The dreary prospect of spending a lifetime making caskets instead of wonderful inventions prompts a young orphan to snatch up his little sister and flee. Where? To the circus, of course.
Fortunately or otherwise, John and 6-year-old Page join up with Boz—sometime human cannonball for the seedy Wandering Wayfarers and a “vertically challenged” trickster with a fantastic gift for sowing chaos. Alas, the budding engineer barely has time to settle in to begin work on an experimental circus wagon powered by chicken poop and dubbed (with questionable forethought) the Autopsy. The hot pursuit of malign and indomitable Great-Aunt Beauregard, the Coggins’ only living relative, forces all three to leave the troupe for further flights and misadventures.
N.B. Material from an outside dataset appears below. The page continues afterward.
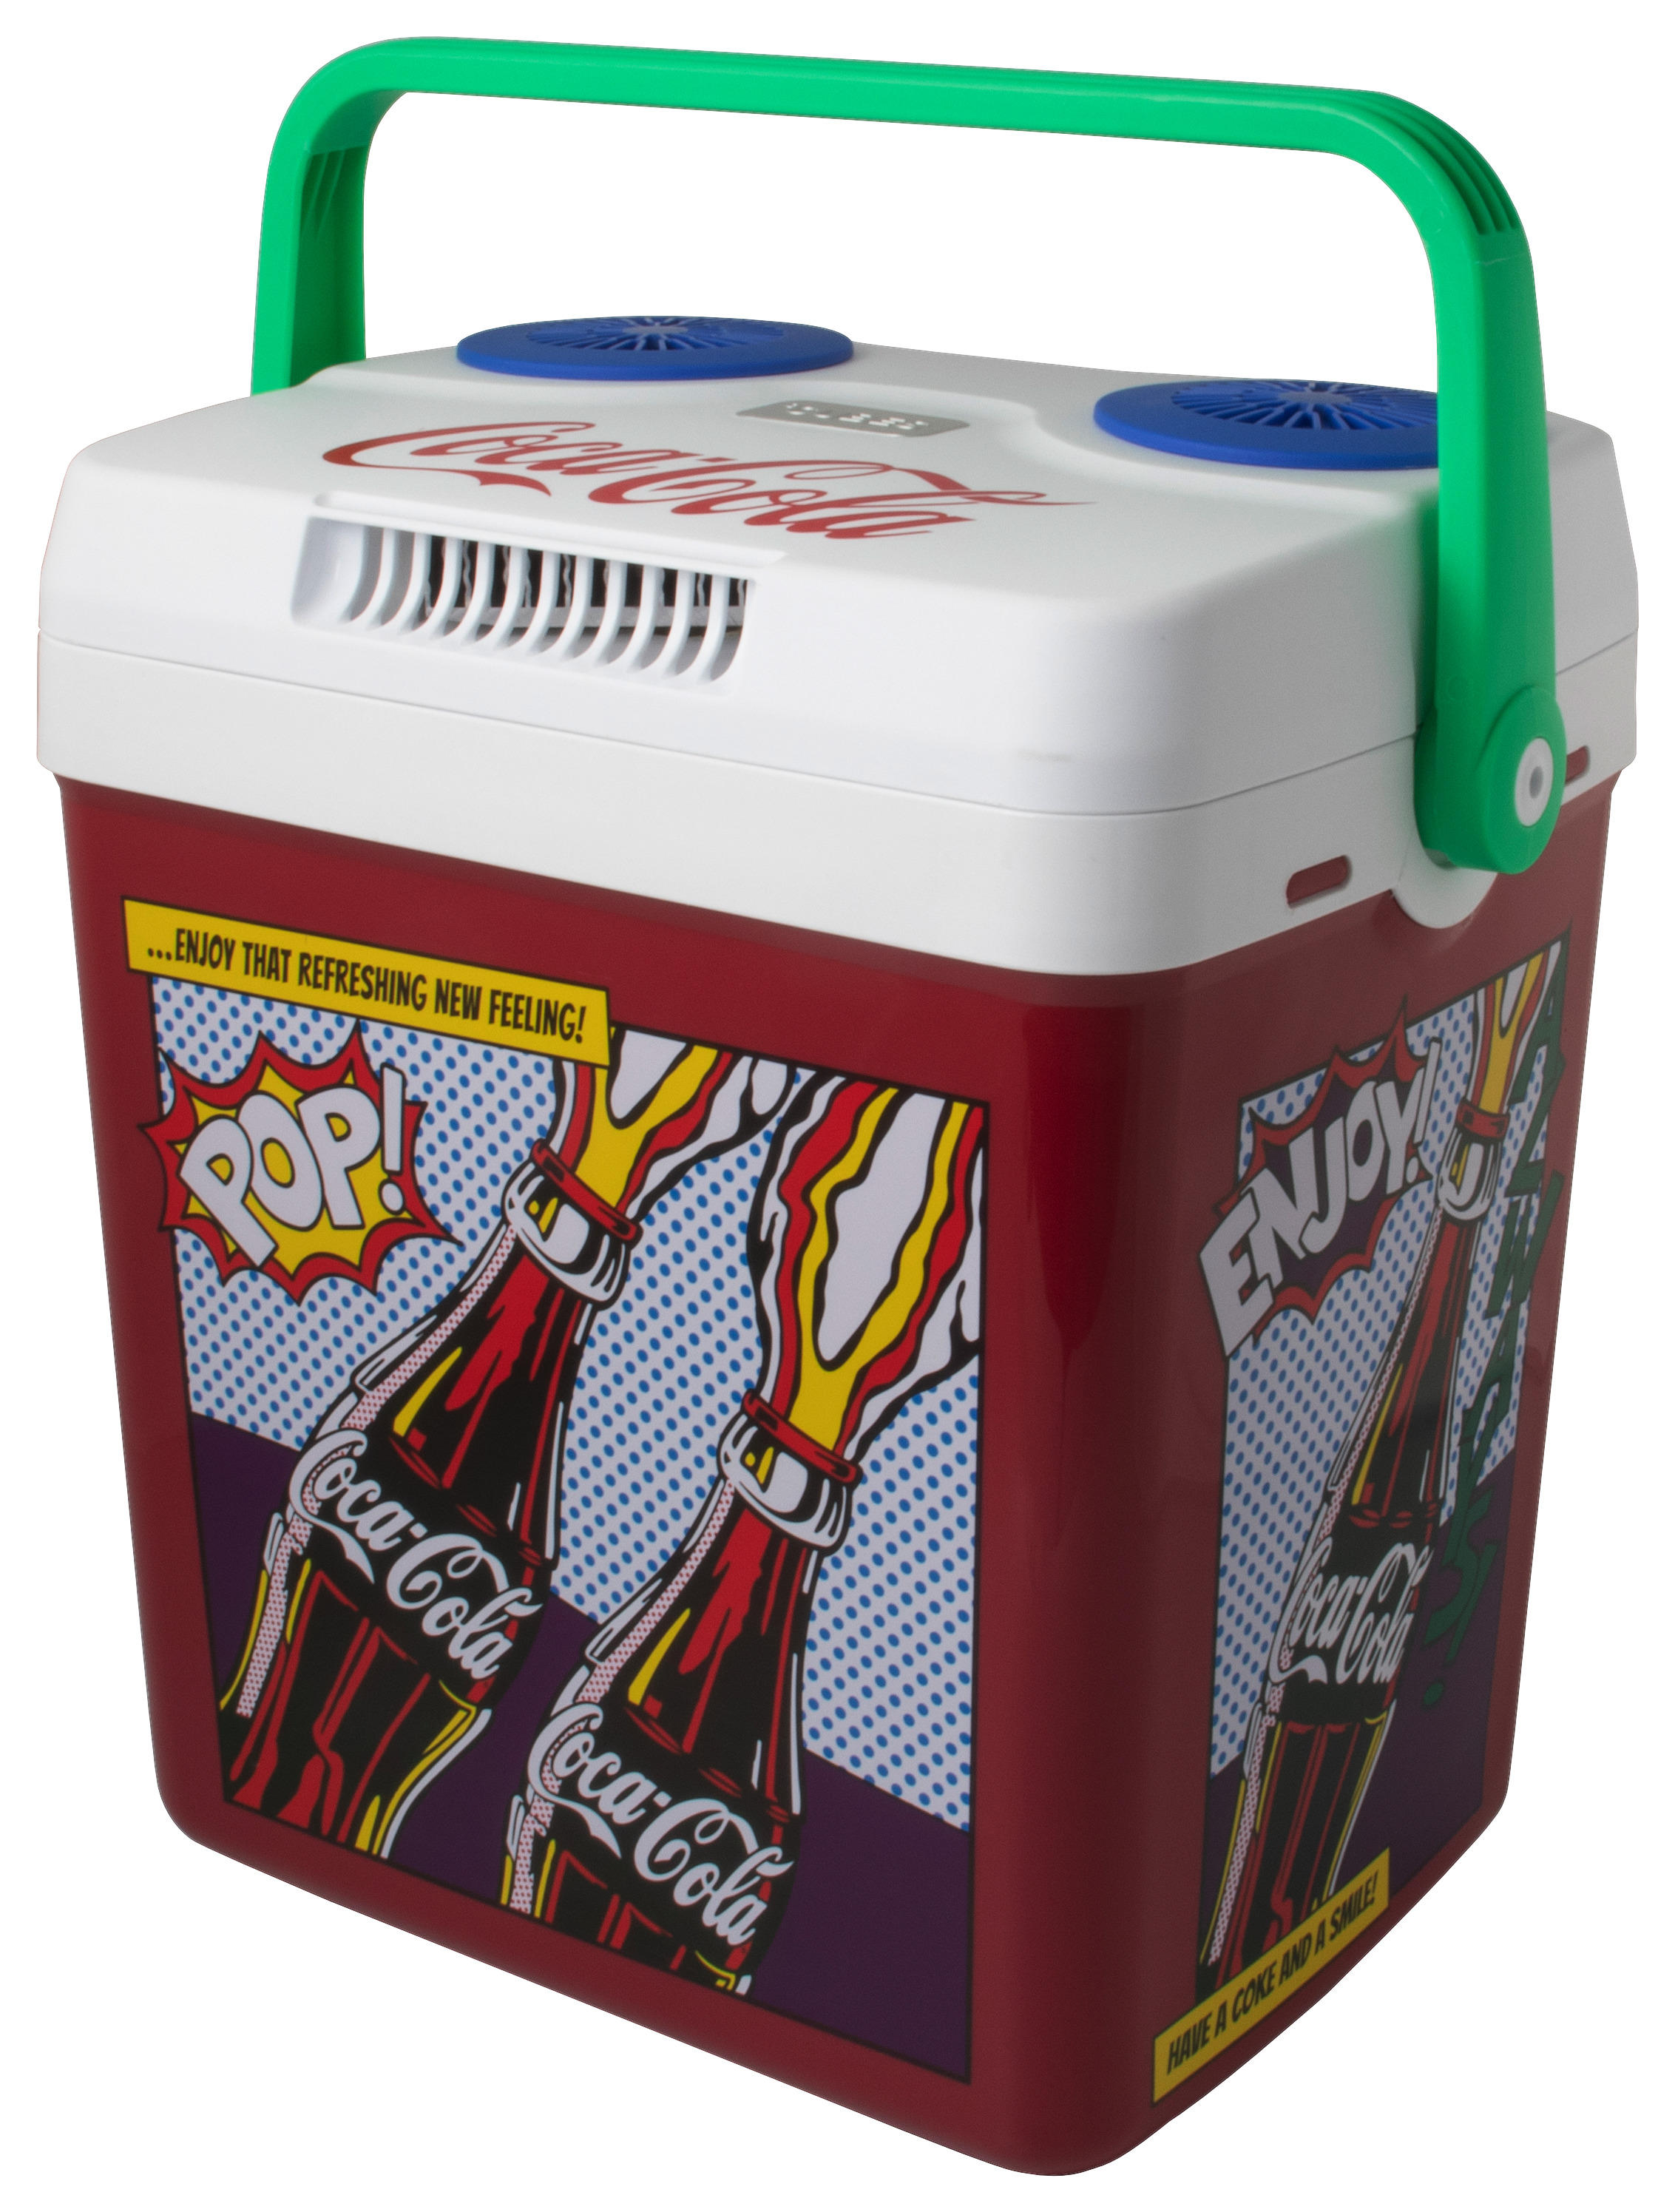 Cubes Elektro-kühlbox Coca Cola Cb806 Bunt B/h/t: Ca. 39,9x42,2x29,8 Cm Cube_coolbox_coca-Cola Cb806 - bunt (39,90/42,20/29,80cm)

Teele spins her adventure around a sturdy protagonist whose love for his little sister is matched only by his fierce desire for something better in life for them both and tucks in an outstanding supporting cast featuring several notably strong-minded, independent women (Page, whose glare “would kill spiders dead,” not least among them). Better yet, in Boz she has created a scene-stealing force of nature, a free spirit who’s never happier than when he’s stirring up mischief. A climactic clutch culminating in a magnificently destructive display of fireworks leaves the Coggin sibs well-positioned for bright futures. (Illustrations not seen.)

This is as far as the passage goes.